Gerechtshof Den Haag, 10-03-2020, ECLI:NL:GHDHA:2020:474, BK-19/00503

Gegevens

Instantie
Gerechtshof Den Haag
Datum uitspraak
10 maart 2020
Datum publicatie
18 maart 2020
ECLI
ECLI:NL:GHDHA:2020:474
Formele relaties
Zaaknummer
BK-19/00503

Inhoudsindicatie

Op basis van de informatie inzake de inkomensafhankelijke combinatiekorting (IACK) op de website van de Belastingdienst en na contact met de Belastingtelefoon veronderstelt belanghebbende in aanmerking te komen voor de IACK. Belanghebbende gaat bij het indienen van haar aangifte van deze veronderstelling uit. De Inspecteur corrigeert de IACK en stelt dat belanghebbende niet voldoet aan het vereiste dat het kind van belanghebbende drie gehele dagen per week bij belanghebbende verblijft. Onder een gehele dag dient volgens de Inspecteur een periode van 24 uur te worden verstaan. Het Hof volgt de Inspecteur niet in deze interpretatie en oordeelt dat, nu de wetgever de betekenis van de woorden ‘gehele dagen’ in het criterium ‘op drie gehele dagen per week’ niet heeft ingevuld, deze woorden dienen te worden opgevat overeenkomstig het spraakgebruik. De betekenis die de woorden ‘(ge)hele dagen’ in het spraakgebruik hebben, is afhankelijk van de context waarin die woorden worden gebruikt. In de context van artikel 44b, laatste volzin, URIB 2001 is naar het oordeel van het Hof (ook) sprake van het ‘op drie gehele dagen per week’ in het huishouden verblijven in een geval als het onderhavige, waarin het verblijf op één of meer van die dagen om 7:30 uur of 9:00 uur aanvangt dan wel om 19:30 uur eindigt. Belanghebbende heeft aan de aldus uitgelegde verblijfseis van drie gehele dagen voldaan.

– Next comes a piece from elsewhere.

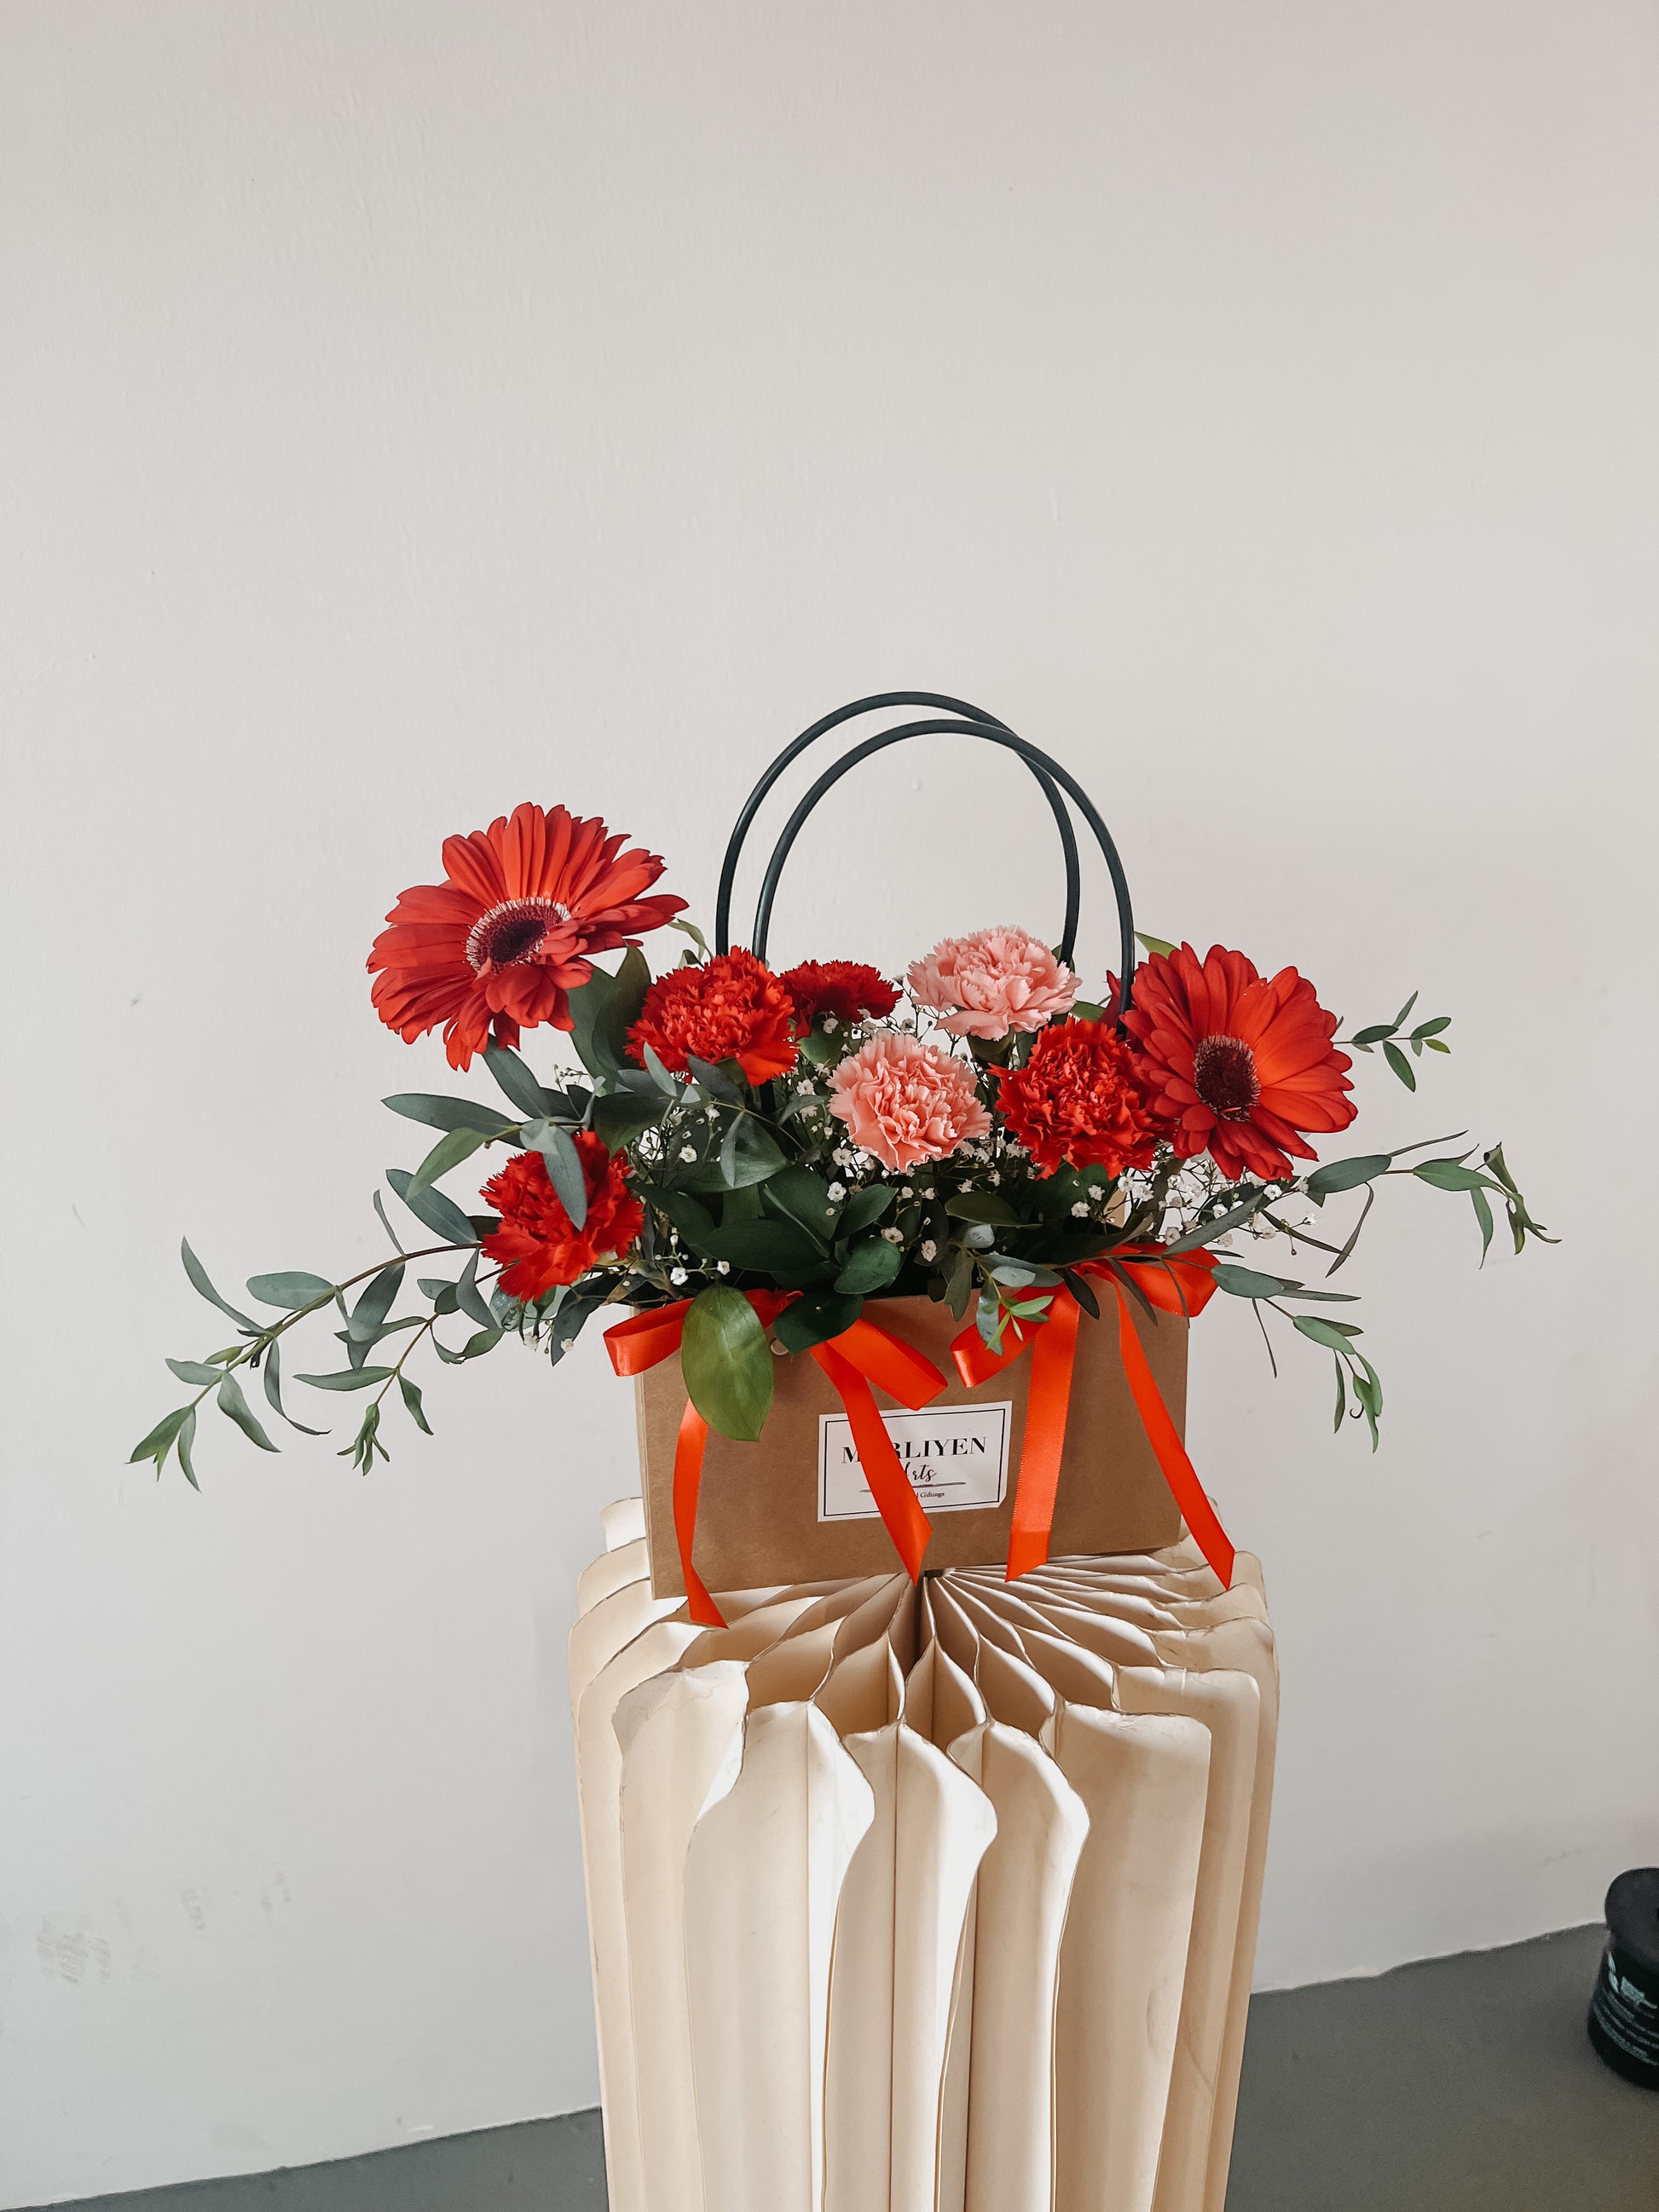 Any Day FloristPerfect gift for all the mommys out there as this bloom bag consists of carnations and gebera! Perfect gift for new mothers, motherly figure in your life. Show them A Mother's Love | Bloom Bag Arrangement

Ware dit anders, dan had de Inspecteur op grond van het vertrouwensbeginsel de IACK moeten toepassen aangezien belanghebbende aan een passage over het co-ouderschap op de website van de Belastingdienst het rechtens te honoreren vertrouwen mocht ontlenen dat zij recht had op toepassing van de IACK.

Uitspraak

Team Belastingrecht

meervoudige kamer

nummer BK-19/00503

in het geding tussen:

(gemachtigde: [A] )

en

(vertegenwoordiger: [B] en [C] )

op het hoger beroep van belanghebbende tegen de uitspraak van de rechtbank Den Haag (de Rechtbank) van 28 juni 2019, nummer SGR 18/8282.

Procesverloop

1.1.

Aan belanghebbende is voor het jaar 2015 een aanslag in de inkomstenbelasting en premie volksverzekeringen (IB/PVV) opgelegd naar een belastbaar inkomen uit werk en woning van € 27.764 (de aanslag). Bij gelijktijdig gegeven beschikking heeft de Inspecteur € 184 aan belastingrente in rekening gebracht (de beschikking).

1.2.

Belanghebbende heeft tegen de aanslag en de beschikking bezwaar gemaakt. De Inspecteur heeft bij uitspraak op bezwaar met dagtekening 22 oktober 2018 het bezwaar niet-ontvankelijk verklaard, het bezwaar aangemerkt als een verzoek om ambtshalve vermindering en het verzoek afgewezen. Belanghebbende deelt de Inspecteur naar aanleiding van de uitspraak op bezwaar mee dat daarin ten onrechte is vermeld dat belanghebbende niet wenste te worden gehoord, waarbij belanghebbende voorts (nogmaals) verzoekt om een hoorgesprek. Op 13 november 2018 vindt het hoorgesprek plaats. Bij brieven van 22 november 2018 en 27 november 2018 heeft de Inspecteur opnieuw op het bezwaar van belanghebbende beslist. In de brief van 22 november 2018 gaat de Inspecteur in op hetgeen is besproken in het hoorgesprek van 13 november 2018. In de brief van 27 november 2018 overweegt de Inspecteur dat het bezwaar – in afwijking van hetgeen staat in de uitspraak op bezwaar van 22 oktober 2018 – ontvankelijk is, waarna de Inspecteur het bezwaar ongegrond verklaart.

1.3.

Belanghebbende heeft tegen de uitspraak op bezwaar beroep ingesteld bij de Rechtbank. Ter zake van dit beroep is een griffierecht geheven van € 46. De Rechtbank heeft het beroep ongegrond verklaard.

1.4.

Belanghebbende is van de uitspraak van de Rechtbank in hoger beroep gekomen. In verband daarmee is een bedrag van € 128 aan griffierecht geheven. De Inspecteur heeft een verweerschrift ingediend. Voorafgaand aan de zitting heeft het Hof nog het volgende stuk ontvangen:

- Op 16 januari 2020 van belanghebbende een nader stuk met één bijlage.

1.5.

De mondelinge behandeling van de zaak in hoger beroep heeft plaatsgehad ter zitting van 28 januari 2020. Partijen zijn verschenen. Van het verhandelde ter zitting is een proces-verbaal opgemaakt.

Vaststaande feiten

2.1.

De Rechtbank heeft de volgende feiten vastgesteld:

“1. [Belanghebbende] heeft met haar ex-partner een dochter, [D] (de dochter), geboren [in] 2014. De relatie tussen [belanghebbende] en haar ex-partner is in 2015 beëindigd en [belanghebbende] is verhuisd naar een ander adres. De dochter is bij haar ex-partner blijven wonen op het oude adres.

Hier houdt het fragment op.